I guess I am a vintage as a Fender Broadcaster.


----------



## dwagar (Mar 6, 2006)

GuitarJunky, is that an old Country Gentleman?


----------



## Mooh (Mar 7, 2007)

Guitarjunky...I had a Tele Deluxe like that years ago. My heart still aches for it.

Peace, Mooh.


----------



## guitarjunky (Sep 11, 2007)

dwagar said:


> GuitarJunky, is that an old Country Gentleman?


It's a GRETSCH 6119 CHET ATKINS 1967


----------



## guitarjunky (Sep 11, 2007)

Mooh said:


> Guitarjunky...I had a Tele Deluxe like that years ago. My heart still aches for it.
> 
> Peace, Mooh.


They sound awesome. Did you know that the Fender humbucker was developped by the same guy who did the paf at Gibson's?


----------



## dwagar (Mar 6, 2006)

guitarjunky said:


> It's a GRETSCH 6119 CHET ATKINS 1967


Nice!

and a Tennessean? What year is it? I had a '65 back in '65, beautiful guitars.


----------



## Mooh (Mar 7, 2007)

Guitarjunky...Yeah, I knew that about the pickups. The reissues apparently have NOT the same pickups, though there are some replacements available. I loved them, clean or dirty. That guitar was a great versatile stage axe for me for years, and I still play Teles (Aerodyne and Thinline). Some day I'd like to have another Deluxe.

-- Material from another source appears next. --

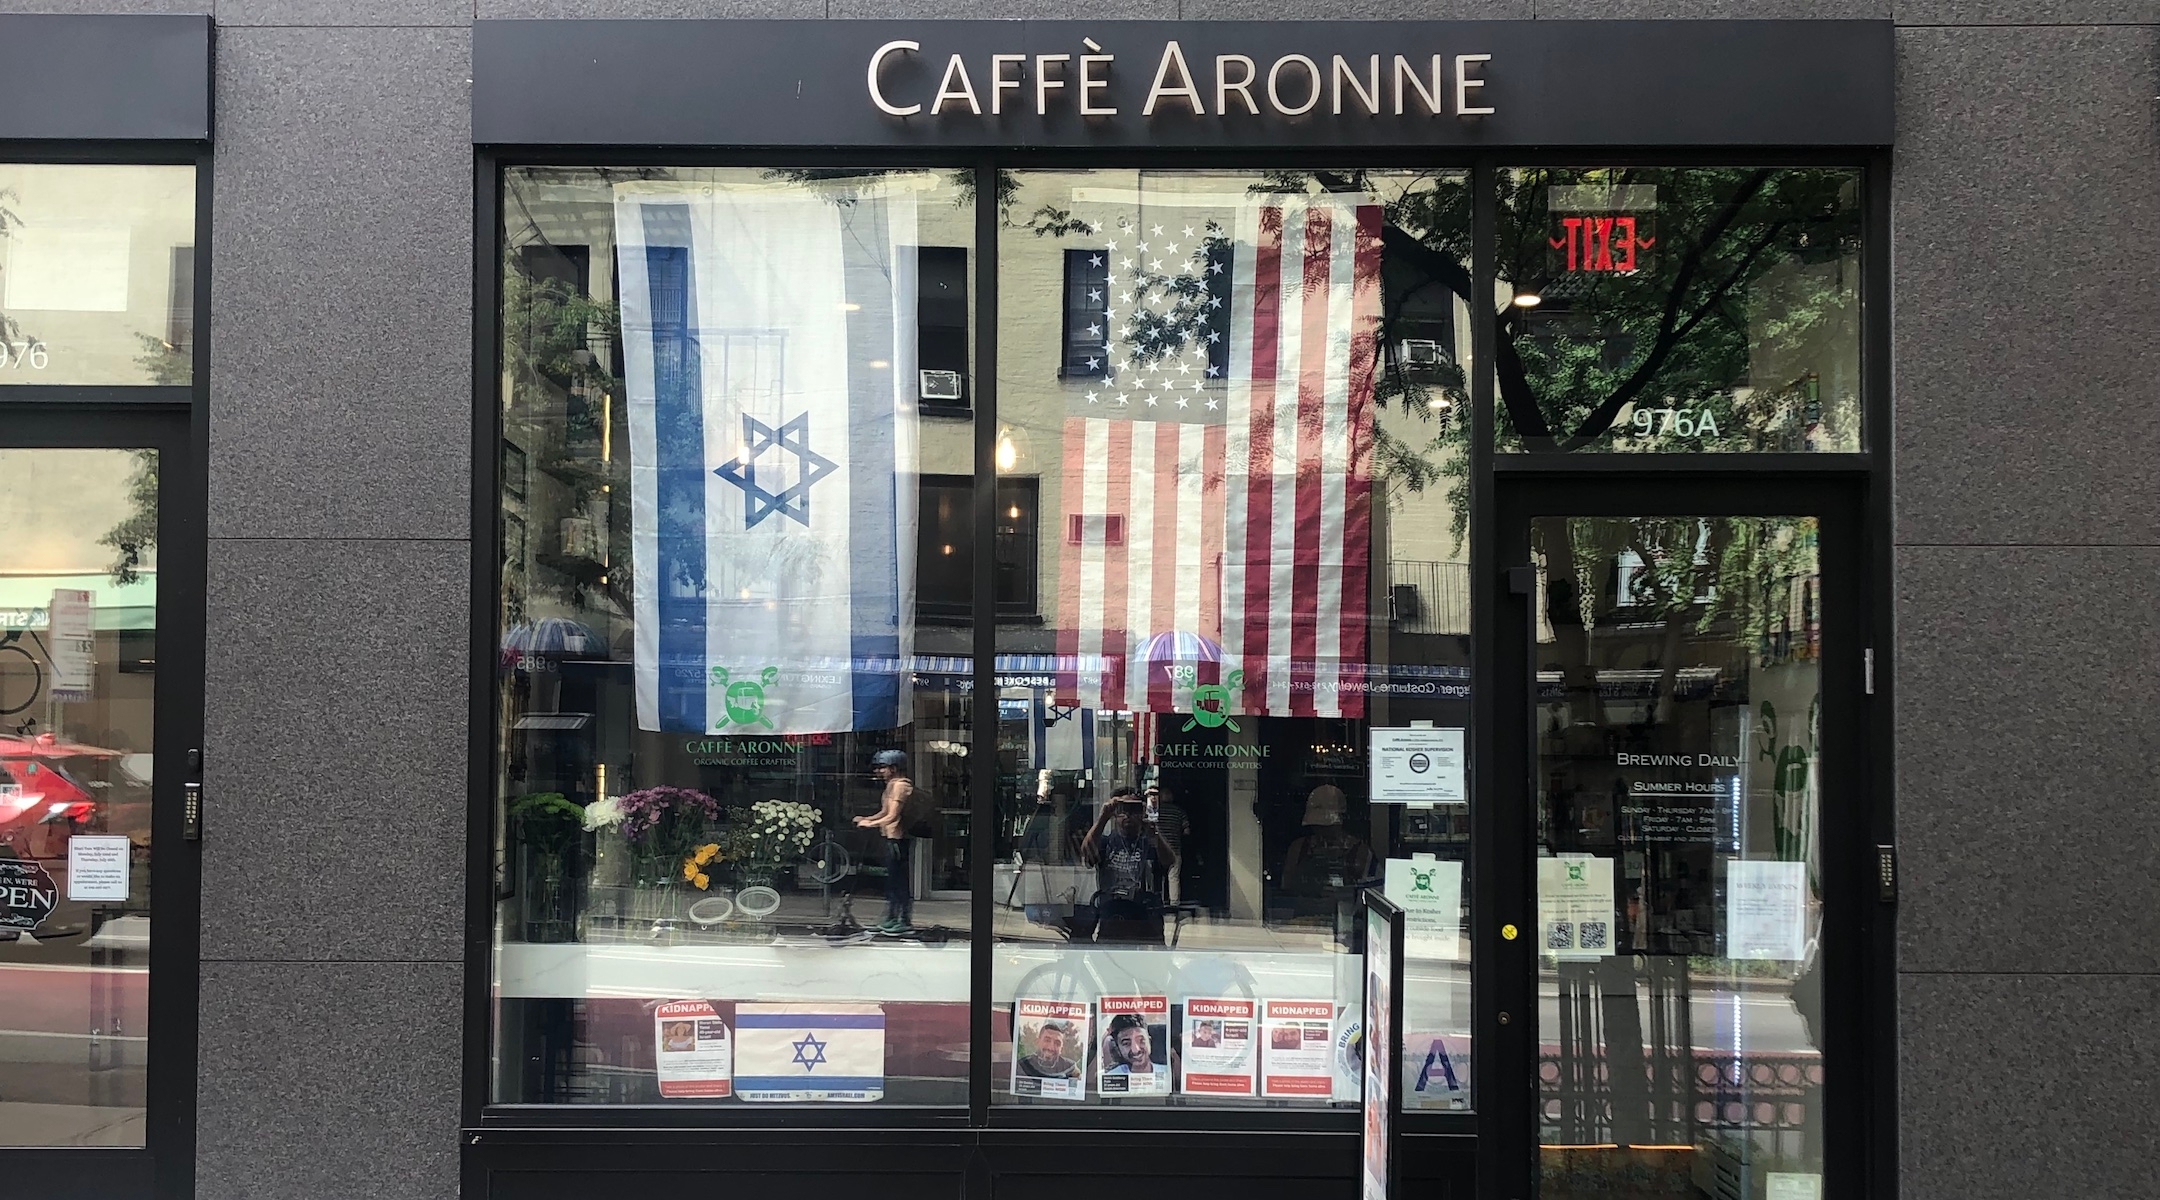 The Upper East Side’s Caffe Aronne has gone kosher, months after making news for its pro-Israel stance

I also had a matching (in finish) '70s Tele bass, with that big neck position offset polepiece humbucker. Great thump with flatwounds.

If they ever invent a time machine I'm going back to retrieve them.

Peace, Mooh.


----------



## devnulljp (Mar 18, 2008)

*Mine's a 1980 ES335*

I know, 1980 isn't really vintage...
This is one of the last off the production line in the old Kalamazoo plant before Norlin busted the union and moved production to Nashville.

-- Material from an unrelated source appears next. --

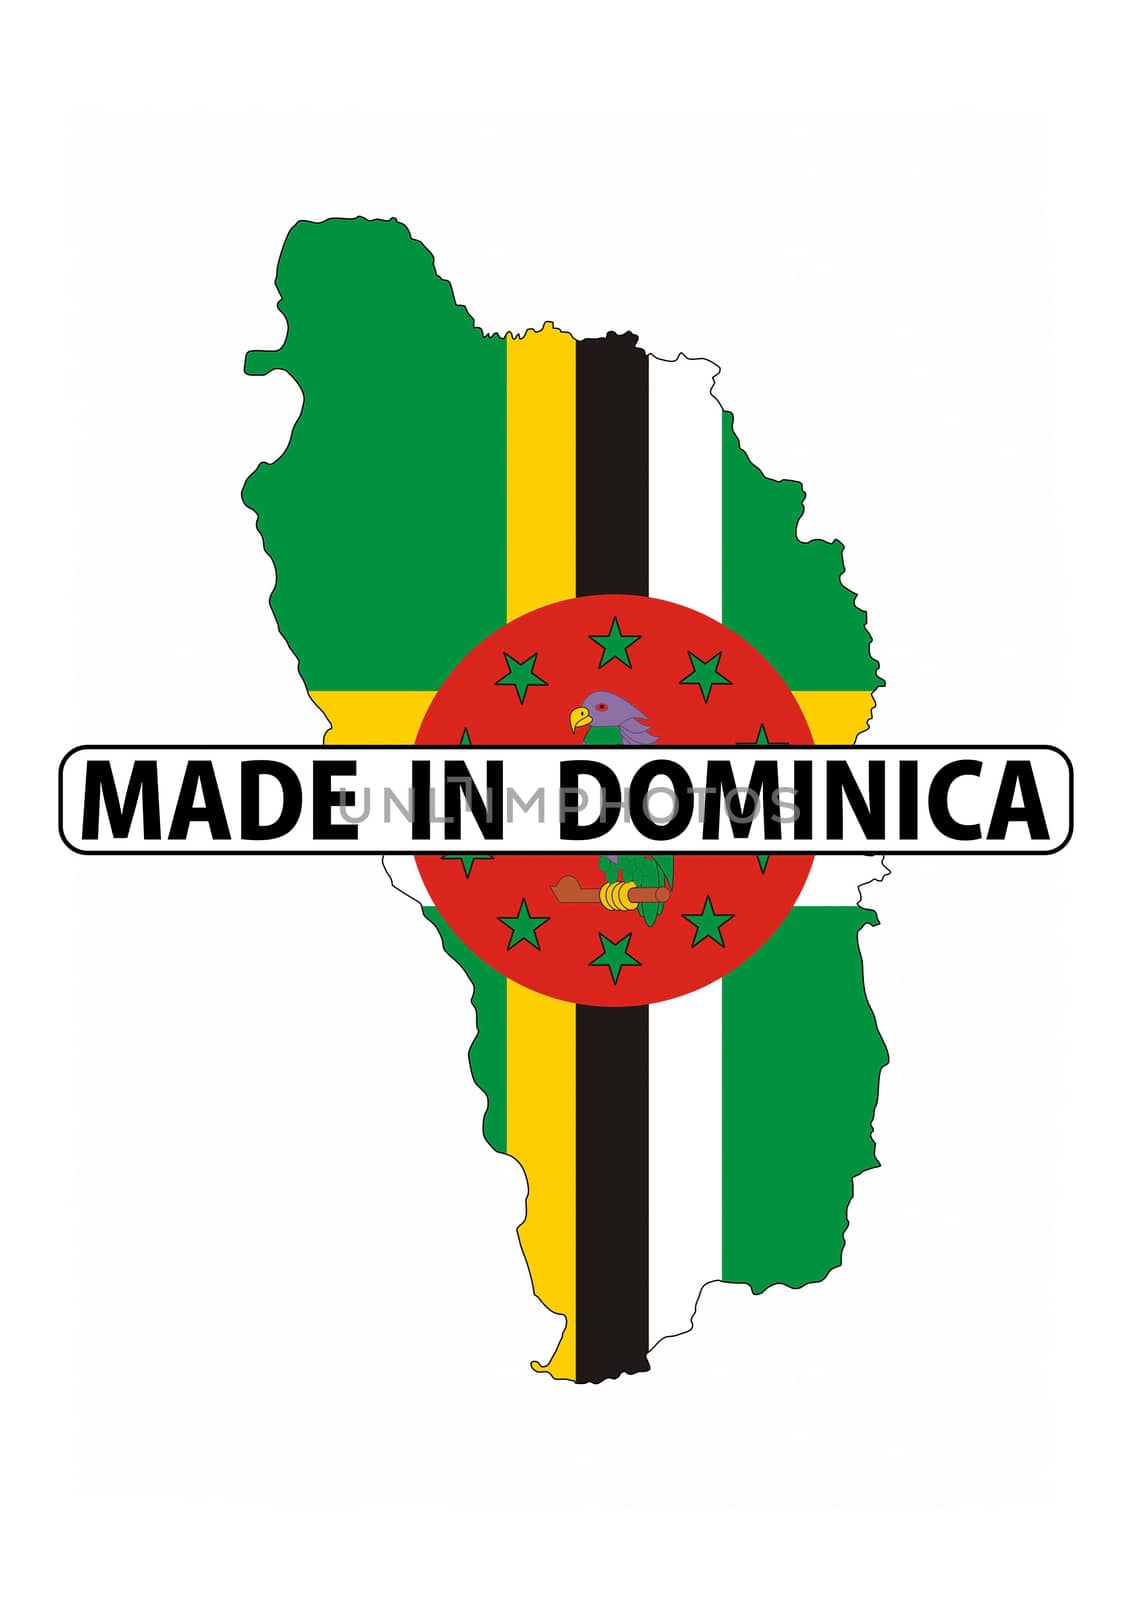 made in dominica country national flag map shape with text

It's an ES335 Pro, so it has a 3-piece maple neck instead of the more usual mahogany. The original dirty fingers HBs are long gone and replaced with SD antiquities. It's got a lot of personality...

I need to take some better photos...these are from the store I bought it from.


----------



## zontar (Oct 25, 2007)

Well it looks vintage anyway--I love the way they look--and I like playing them.

Wish I had one...


----------



## Robert1950 (Jan 21, 2006)

If you find yourself, in anyway, obsessed with retirement, then any guitar you remember as a teenager is vintage.


----------



## Michelle (Aug 21, 2006)

*Heads Up Garret!*

Check this out;

http://saintjohn.kijiji.ca/c-buy-an...s-Electric-12-String-Guitar-W0QQAdIdZ42276834

$250? I'm almost tempted to do this but flipping it for l-h might be a problem...


----------



## zontar (Oct 25, 2007)

Well, now I feel like I live on the wrong side of the country.
I'd like to try that out.


----------



## devnulljp (Mar 18, 2008)

NB-SK said:


> If it was still too new in the late 70's and early 80's to have been 'just another old guitar', it isn't vintage. :smile:


Depends whether you're buying (1960 or earlier) or selling (earlier than 90s??) ....


----------



## devnulljp (Mar 18, 2008)

Robert1950 said:


> If you find yourself, in anyway, obsessed with retirement, then any guitar you remember as a teenager is vintage.


A plywood HondoII Les Paul Custom with DiMarzio superdistortion humbuckers is vintage? Whoda thunkit? 
:smile:


----------